# inverse of polynomial in division ring

#### skyer

Hello,
I'm supposed to find inverse to the polynomial:
$x^2+1+(f)$ in $Q[x]/((f),+,*)$
and $f=x^3+5$.
I know the solution somehow involves extended Euclidean algorithm, but generally don't know what to do. I tried to find the coefficients for Bezout identity which worked, but don't know how to continue.

Can somebody help me with this?

#### Idea

yes, use the Euclidean algorithm

$$\displaystyle x^3+5=\left(x^2+1\right)x +(5-x)$$

$$\displaystyle x^2+1=(5-x)(-x-5)+26$$

Therefore

$$\displaystyle \left(x^2+1\right)\left(\frac{1}{26}-\frac{5}{26}x-\frac{1}{26}x^2\right)+$$

$$\displaystyle \left(x^3+5\right)\left(\frac{x}{26}+\frac{5}{26}) =1$$

so the inverse is

$$\displaystyle \frac{1}{26}-\frac{5}{26}x-\frac{1}{26}x^2$$

Last edited:

#### skyer

The textbook states that this is the way we verify it - $(x^2+1)*inverse=1 \mod f$ - and it works... but why?

I don' really understand the notation - We want an inverse to $x^2+1+(f)$ but we verify correctness with formula using multiplication. Would you point me in the right direction? (wiki link is more than sufficient. thanks.)

#### Idea

The textbook states that this is the way we verify it - $(x^2+1)*inverse=1 \mod f$ - and it works... but why?

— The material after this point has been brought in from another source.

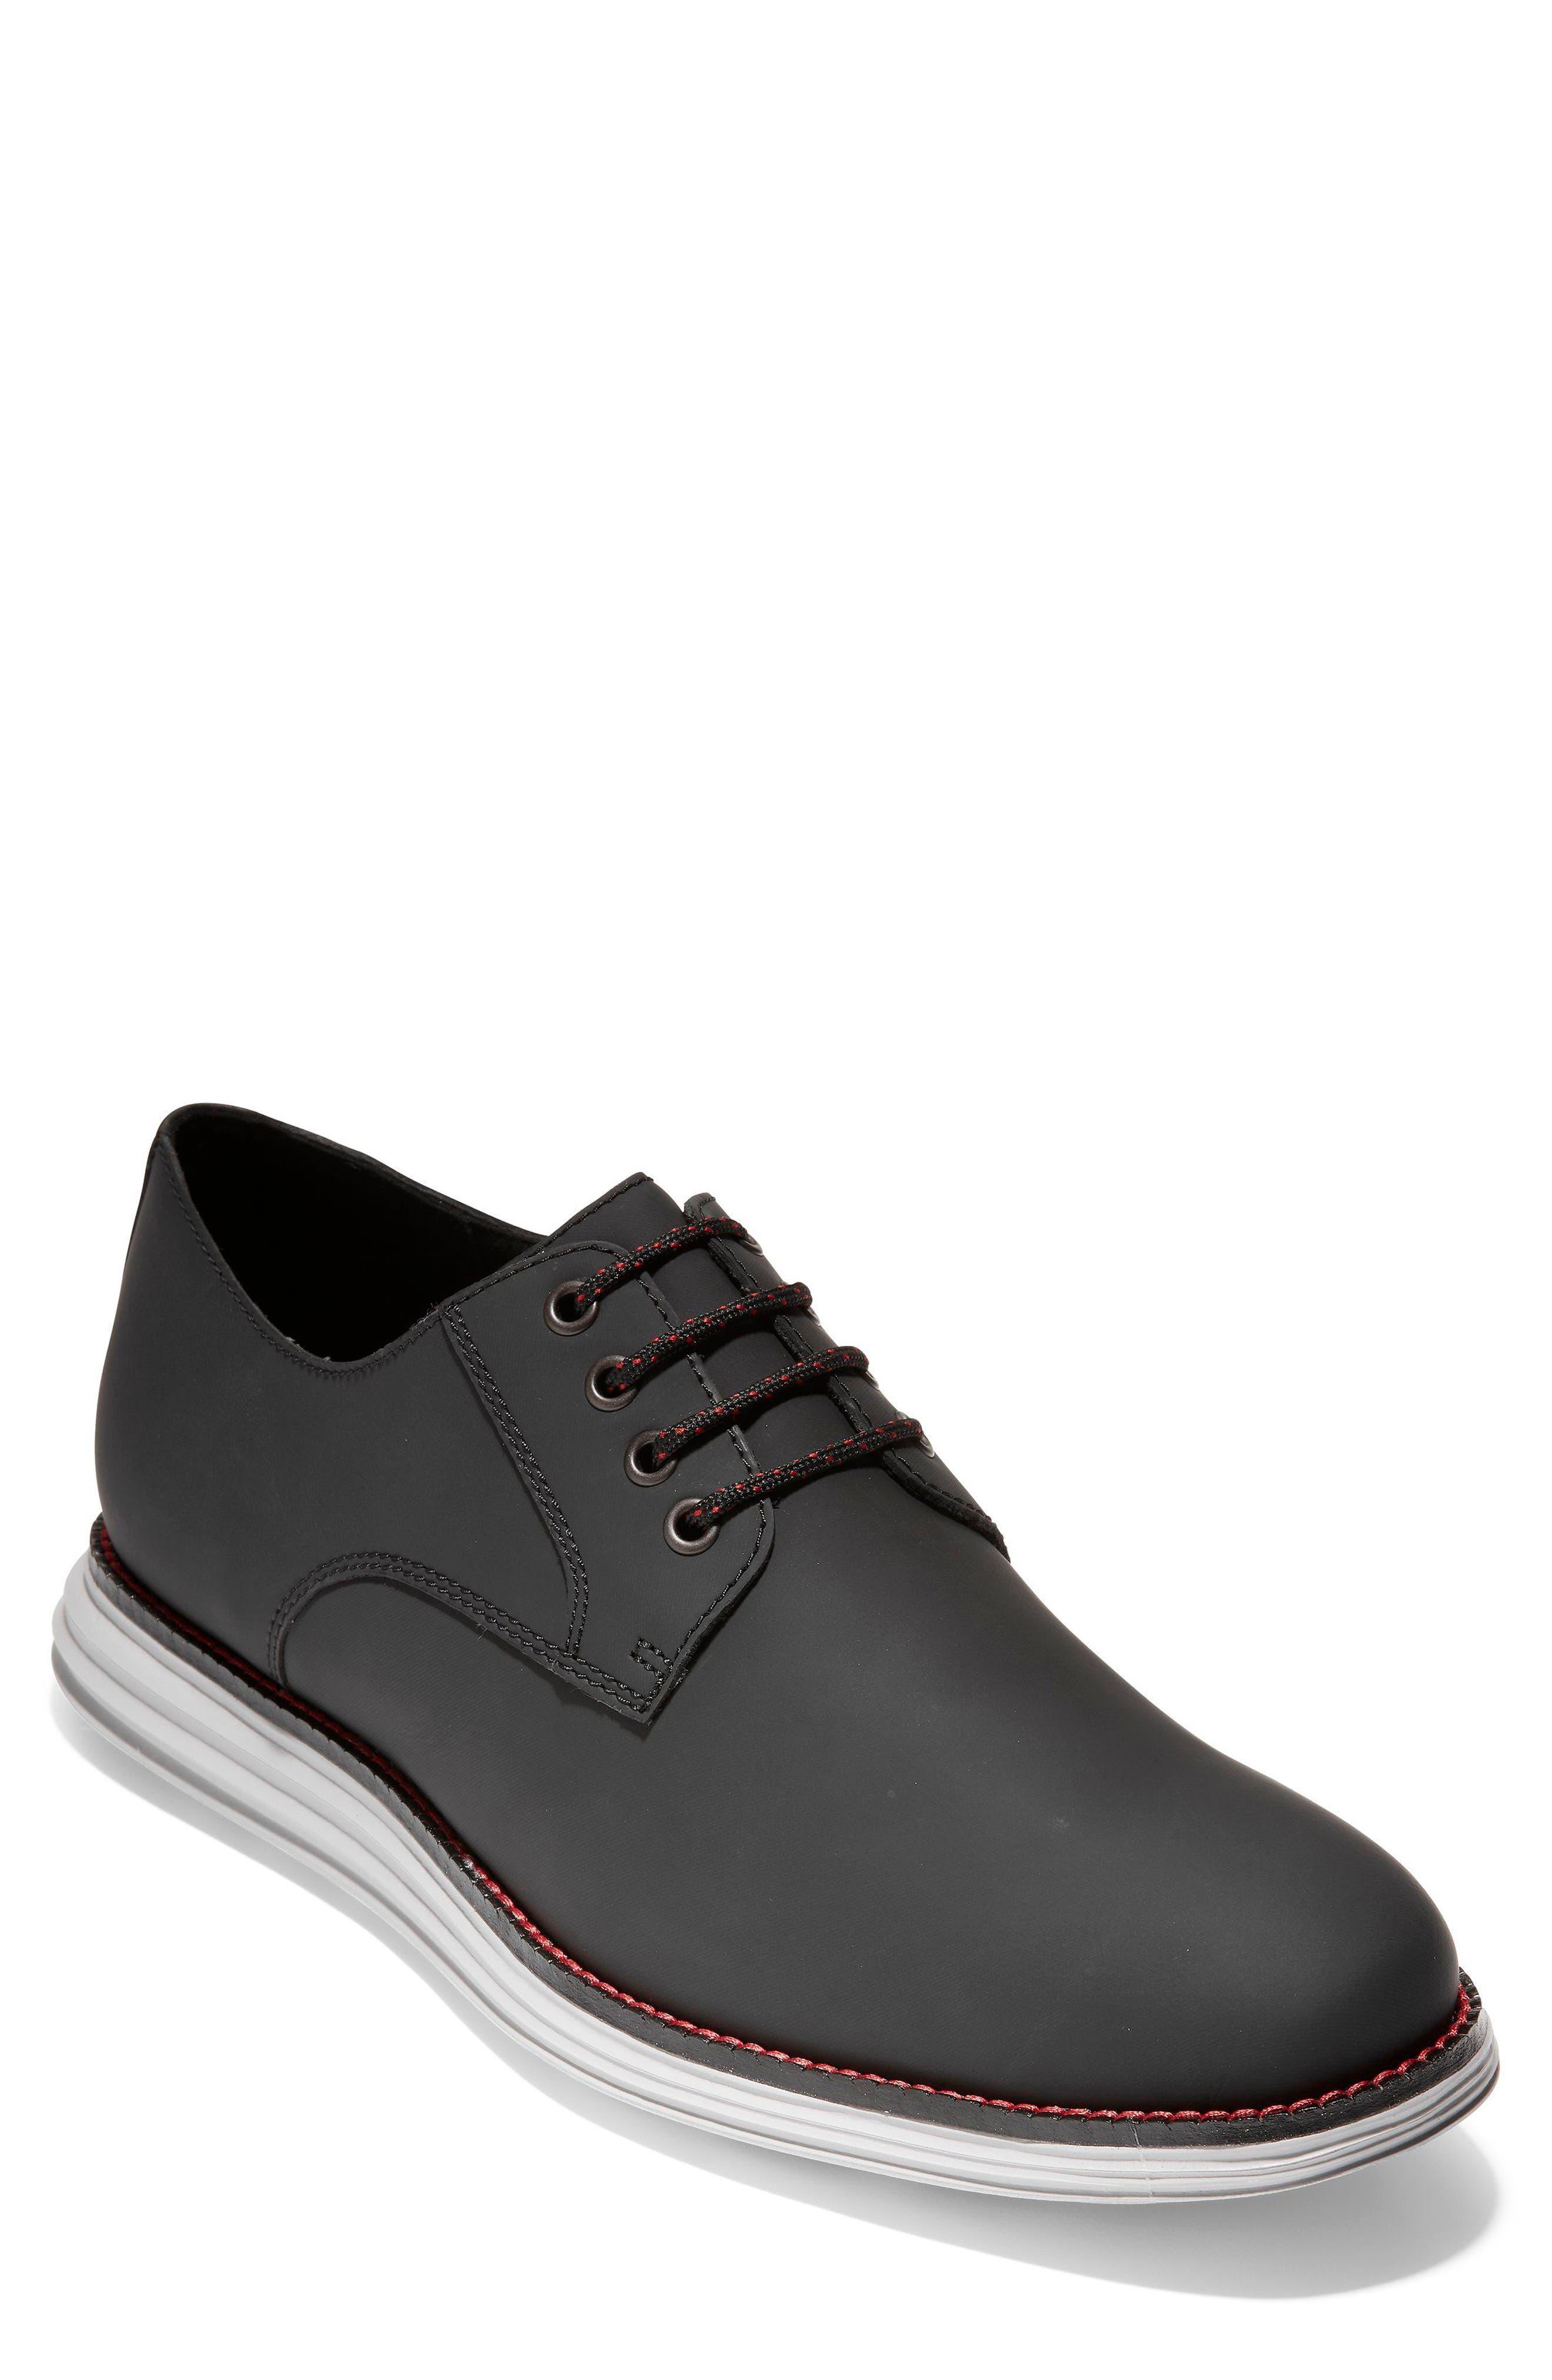 Original Grand Plain Toe Derby,                             Main thumbnail 1, color,                             Black Matte Leather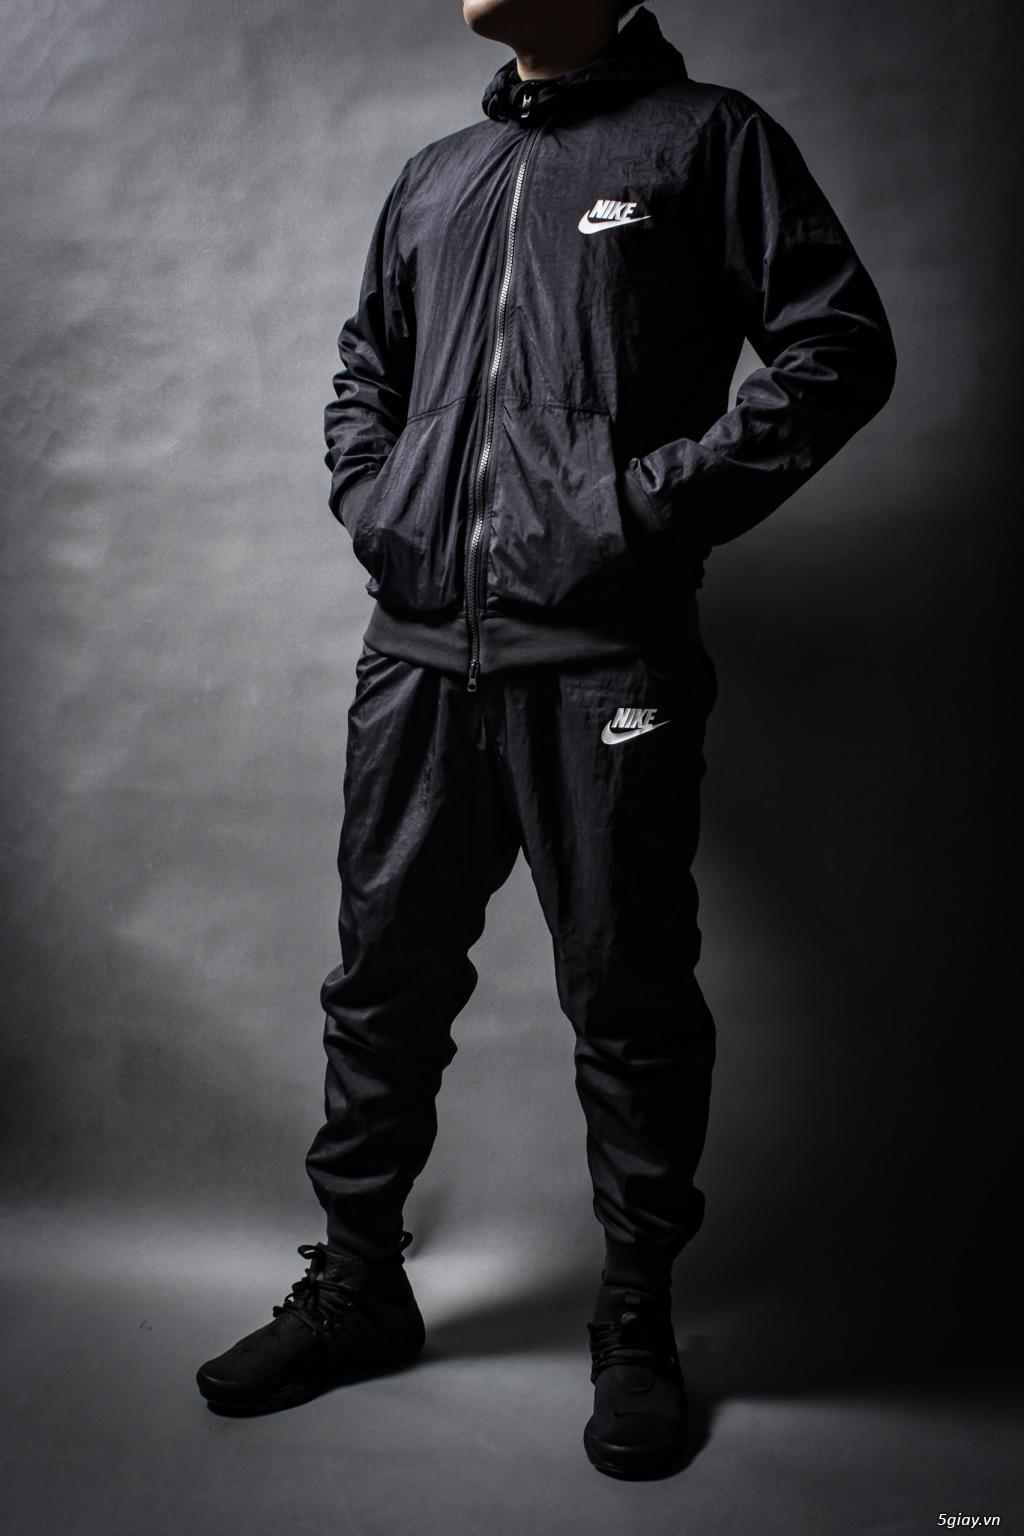 [Trùm Áo Khoác]-Chuyên kinh doanh Sỉ & Lẻ áo khoác NIKE, Adidas, Zara, Uniqlo ... chính hãng giá tốt - 7

I don' really understand the notation - We want an inverse to $x^2+1+(f)$ but we verify correctness with formula using multiplication. Would you point me in the right direction? (wiki link is more than sufficient. thanks.)
Q[x] / (f) is a field, (f) is the ideal generated by f

a typical element is written in the form h(x) + (f) where h(x) is in Q[x]

the 0 element is written as 0 +(f) = (f)

the multiplicative identity 1 + (f)

so the inverse of h(x) would be g(x) such that ( h(x) + (f) ) * ( g(x) + (f) ) = 1 + (f)

which is the same as h(x)*g(x) + (f) = 1 + (f)

This is why we use multiplication to verify the answer.

Is this what you are asking?

#### skyer

Yes, thank you.

This would work with other fields too, right? eg. if we used Z_prime instead of Q?

#### Idea

sure.

you need an irreducible polynomial f in $$\displaystyle \mathbb{Z}_p[x]$$

to make sure that the quotient is a field so every nonzero element has an inverse

#### skyer

Great,
thanks a lot for help. I have another question from algebra that I'll post soon, I'd be really grateful if you helped me with that one too.